There’s a new repository for Samsung printers, multifunction printers and scanners that carries the “Samsung Unified Linux Driver” for both the scanning and printing functions. Just by installing it and enabling the ports in the firewall should be enough to get every device running in no time. Refer to the appropriate page for details.
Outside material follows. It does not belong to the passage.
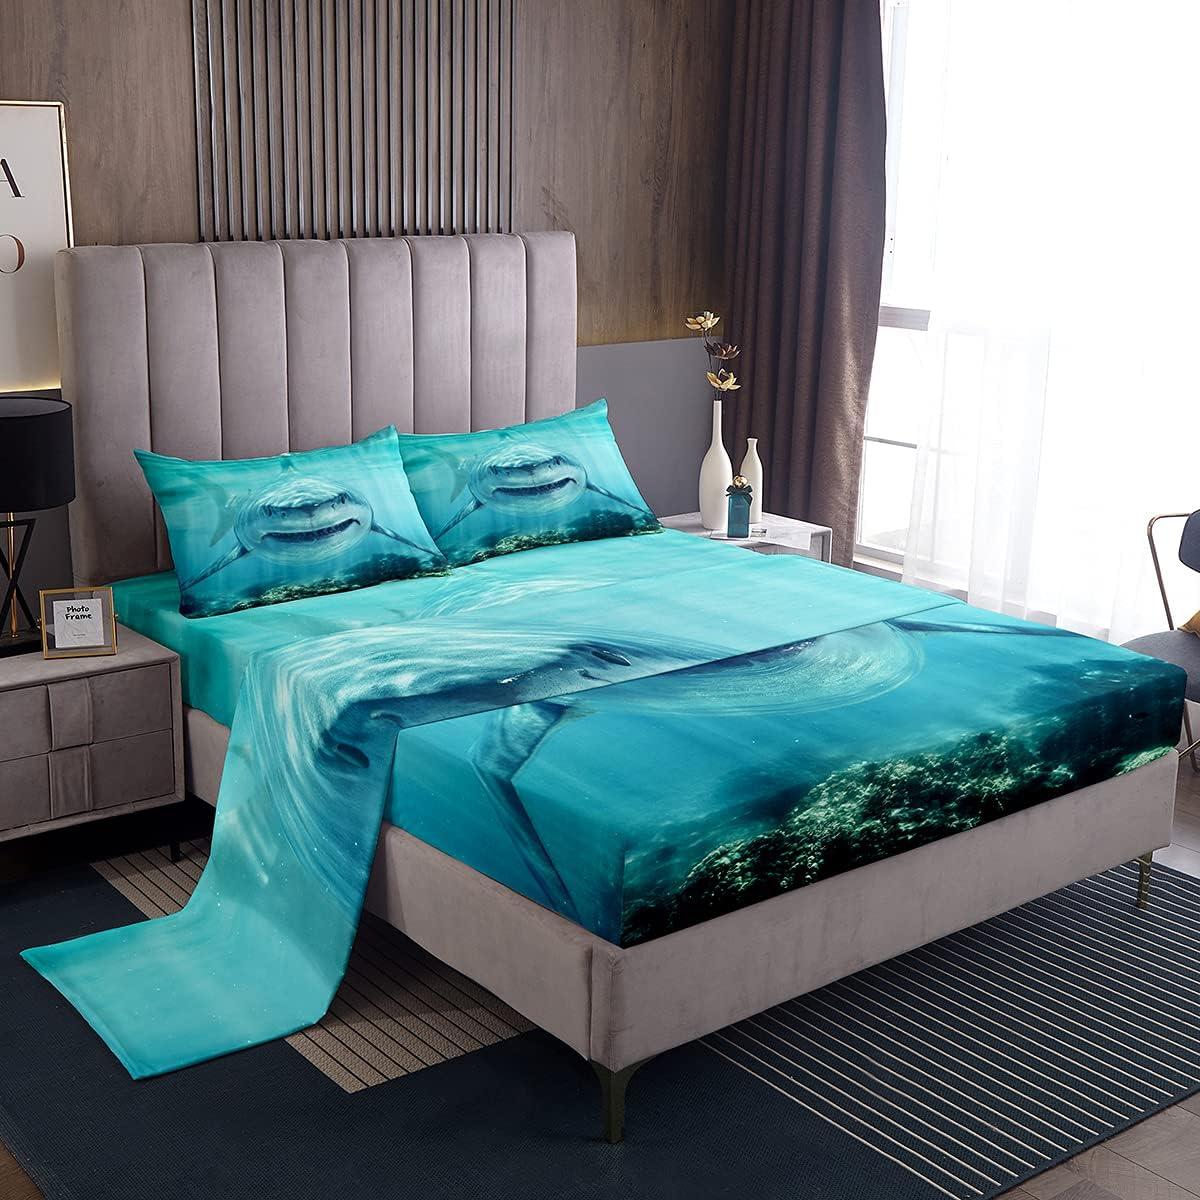 3D Shark Sheet trend rank Set Sales results No. 1 For Kids Ocean B Marine Life Teens Boys

Fully fledged FFMpeg binaries

Also, due to popular request, there is now a custom built FFMpeg package that drops in as a replacement for RPMFusion ones and that enables linking and support for all the codecs/encoders/decoders that would result in an unredistributable binary. This is now available the HandBrake repository. The following codecs/encoders/decoders/transports have been enabled:

  • VP8 and VP9 de/encoding
  • WebP encoding
  • AAC (Fraunhofer, LibVO and other variants) de/encoding
  • OpenAL 1.1 capture support
  • BluRay reading
  • AMR-WB de/encoding
  • AMR-NB de/encoding
  • RTMP[E] support
  • H.264 encoding (OpenH264, Cisco variant)
  • OpenGL rendering
  • SSH transport
  • Fontconfig/fribidi text support

This sobstitutes the ffmpeg binary that was provided as part of the CUDA enabled programs, as it is now tied to all the other multimedia libraries available in this repository. The support for Nvidia H.264/H.265 hardware encoding/decoding is enabled here as well and the required packages are now installed through the use of RPM weak dependencies.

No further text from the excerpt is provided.